Here are the two permissions we are setting :
- We don’t want ‘Professor’ to update the student table and vice versa. But we want ‘Professor’ to be able to update their own table and vice versa.
- We don’t want one student updating data of another student. Same goes for professors.
The first part is fairly easy.
Go the permission tab for the professor table. Yeah the same place we created roles:
Here we already created ‘Professor’ and ‘Student’ roles. By default all of the permissions will be marked as a red ‘X’, which means neither of the roles have any permission for this table. Let’s change that. Click on the update permission of ‘Professor’ role. You should see something like this:
Expand the ‘Row update permissions’ and select ‘With custom check’. The check will be based on the ‘X-Hasura-User-Id’ aka the firebase uid extracted from the JWT. If there is a row whose ‘id’ (Firebase uid) property equals to the id from the JWT and the JWT also has the ‘Professor’ in the list of ‘x-hasura-allowed-roles’, the user can update that particular role.

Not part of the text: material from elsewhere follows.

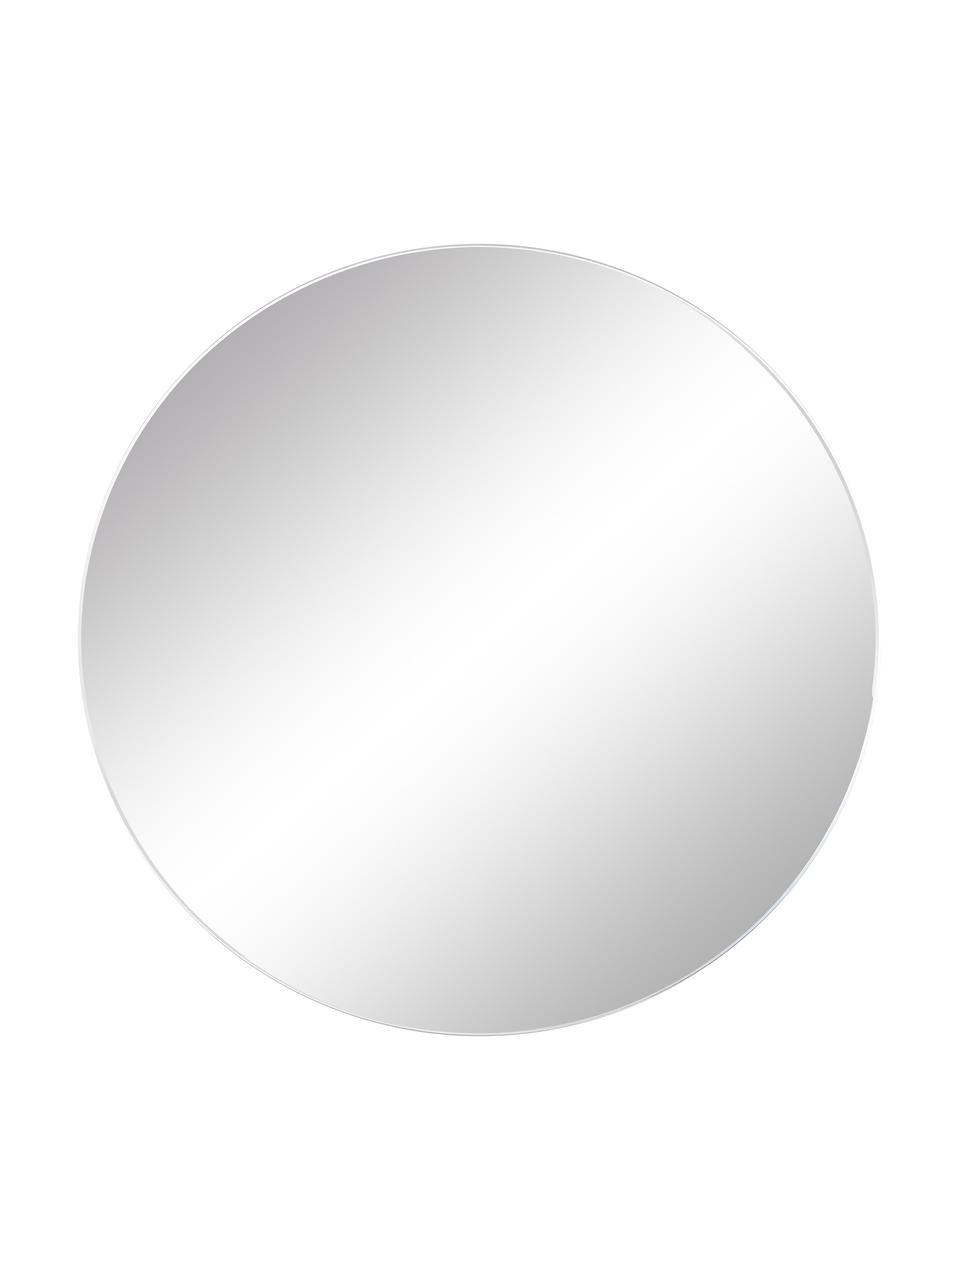 Ronde wandspiegel Erin zonder lijst, Spiegelvlak: spiegelglas. Buitenrand: zwart, Ø 55 cm
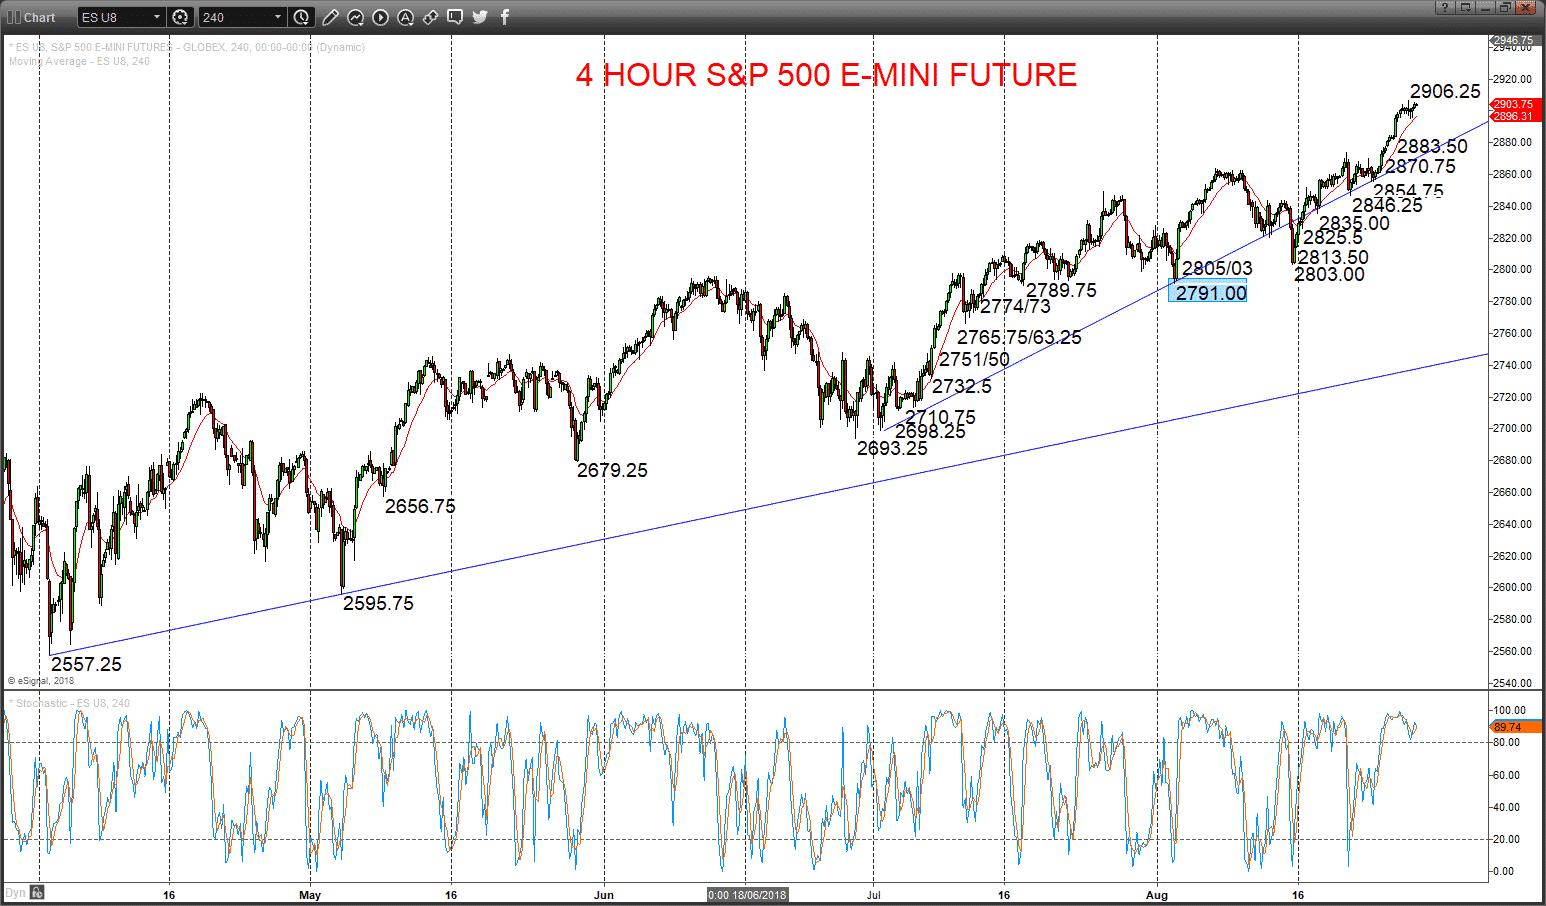 4 hour S&P 500

Your custom check should look something like this:
Finally go to the ‘Column update permission’ tab and toggle the table property you want to allow to be updated under this custom check and click on ‘save permission’. The red ‘X’ mark should now change into this weird looking funnel thingy mark:
But wait, we don’t want to let the ‘Student’ role to update the professor table. Don’t worry, the red ‘X’ mark on the ‘Student’ update permission indicates the ‘Student’ role has no power here.
You can setup permissions for the student table in the same way.